The 45th year. The question is why is education so big a part of the Sunbelt AG Expo?
“Education is really the foundation of the Sunbelt AG Expo,” Blalock said. “Everything we do at the show and on the research form throughout the year is geared toward giving that information to our farmers. We try it and through it bring the information during the show so they can come and gather information. To take back their operation to enhance their economic and environmental sustainability, that is enhanced with all of our great university partnerships. We have 6 universities that have permanent exhibit buildings at the Expo and in no certain order.

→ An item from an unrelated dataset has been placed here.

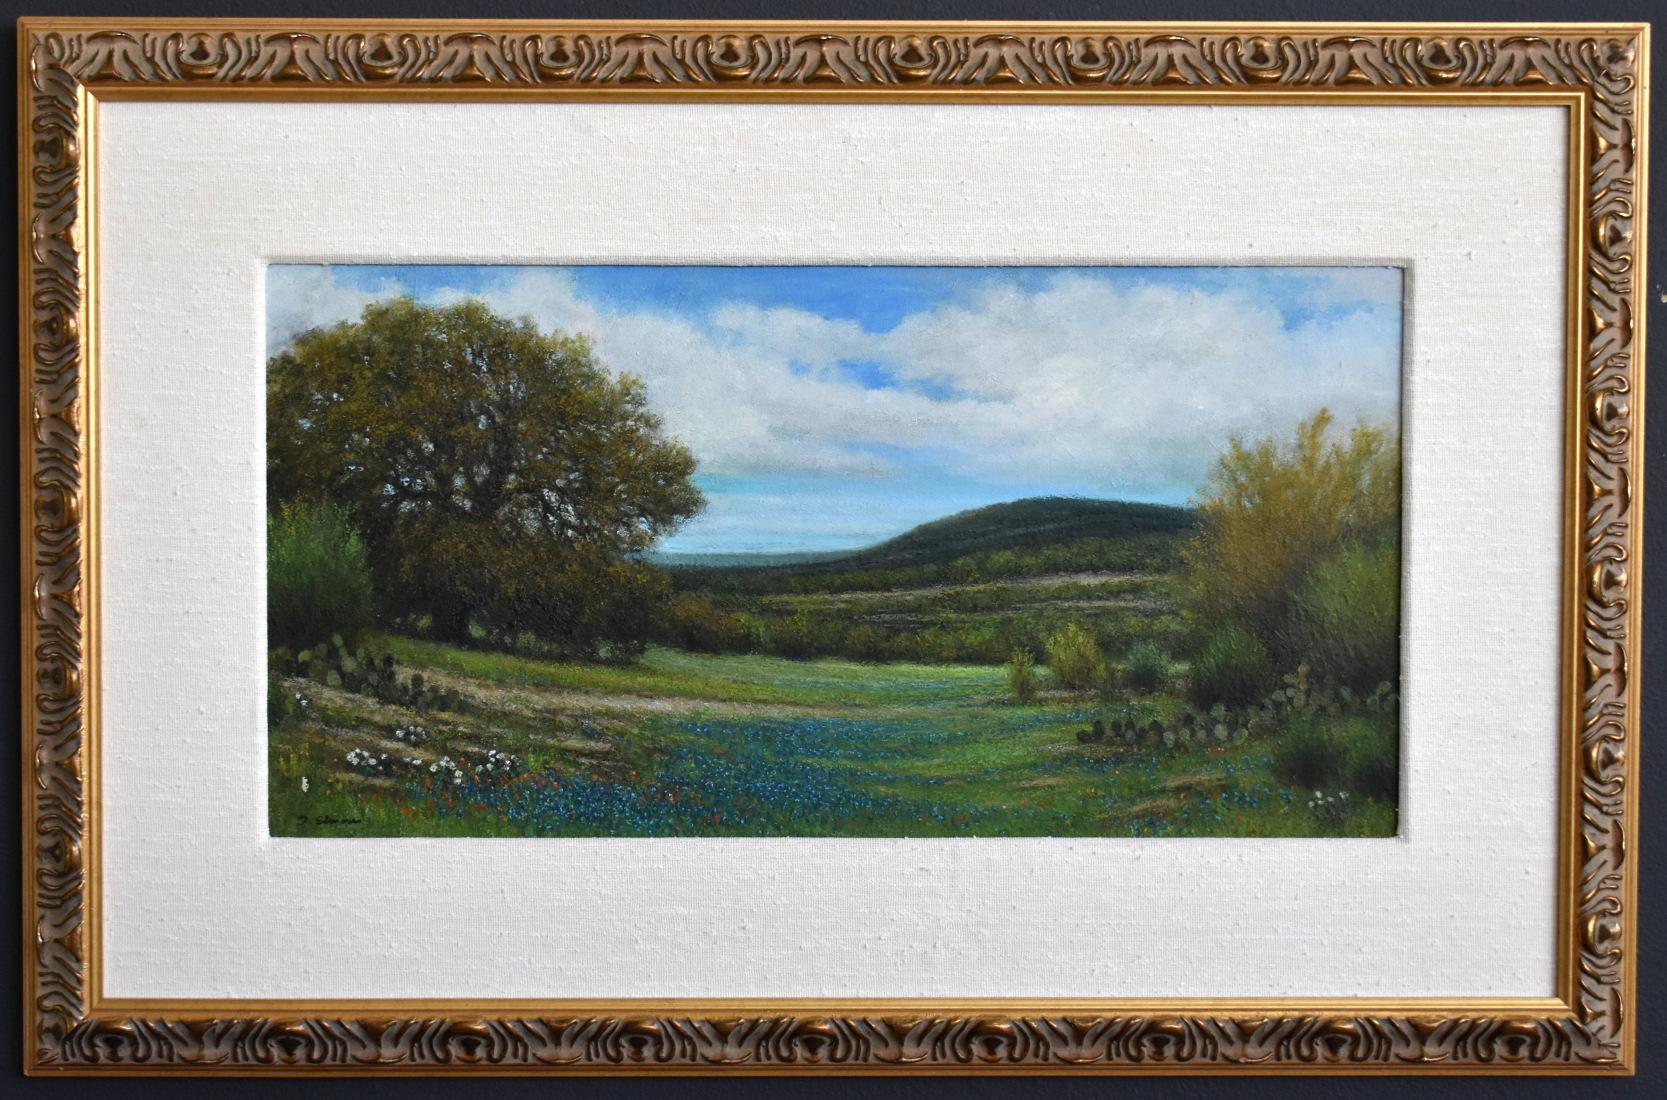 Don Elmore Landscape Painting - "LLANO BLUES" BLUEBONNET TEXAS HILL COUNTRY

Those are Clemson, ABAC, Auburn, Georgia, Fort Valley State and University of Florida. In addition to those, we also have exhibits from Florida A&M, Tuskegee, Alabama A&M and. North Georgia College this year, And of course Southern Regional Technical College in Moultrie.”
Why do they feel like they need to be there permanently?
“It’s a great recruiting tool the for the main part to get students interested at a early age in their respective university,” Blalock said. “So when they graduate from high school they can make plans to go on to the to the next level at one of these colleges or universities.”
And that education in ag is needed right now by this industry.
“All that’s needed so we have a shortage, we need more AG specialist, whether it’s in crop protection, irrigation. AG lending. AG mechanics, you name it. There’s a need for it,” Blalock said.
And that’s part of the Sunbelt AG Expo. Every year is pushing agriculture ahead and this is a big, big part of.
“Absolutely. I tell people all the time we work together with all the universities that one Saturday a year we want to beat each other in football and another 364 days we’re working together to continue to help these farmers efficiently and environmentally productive to feed the world,” Blalock said.
And that’s the most important part of that agriculture right now.
“You betcha. We’ve got good job security. People got used to three meals a day and clothes on their back and Roof over their head,” Blalock said.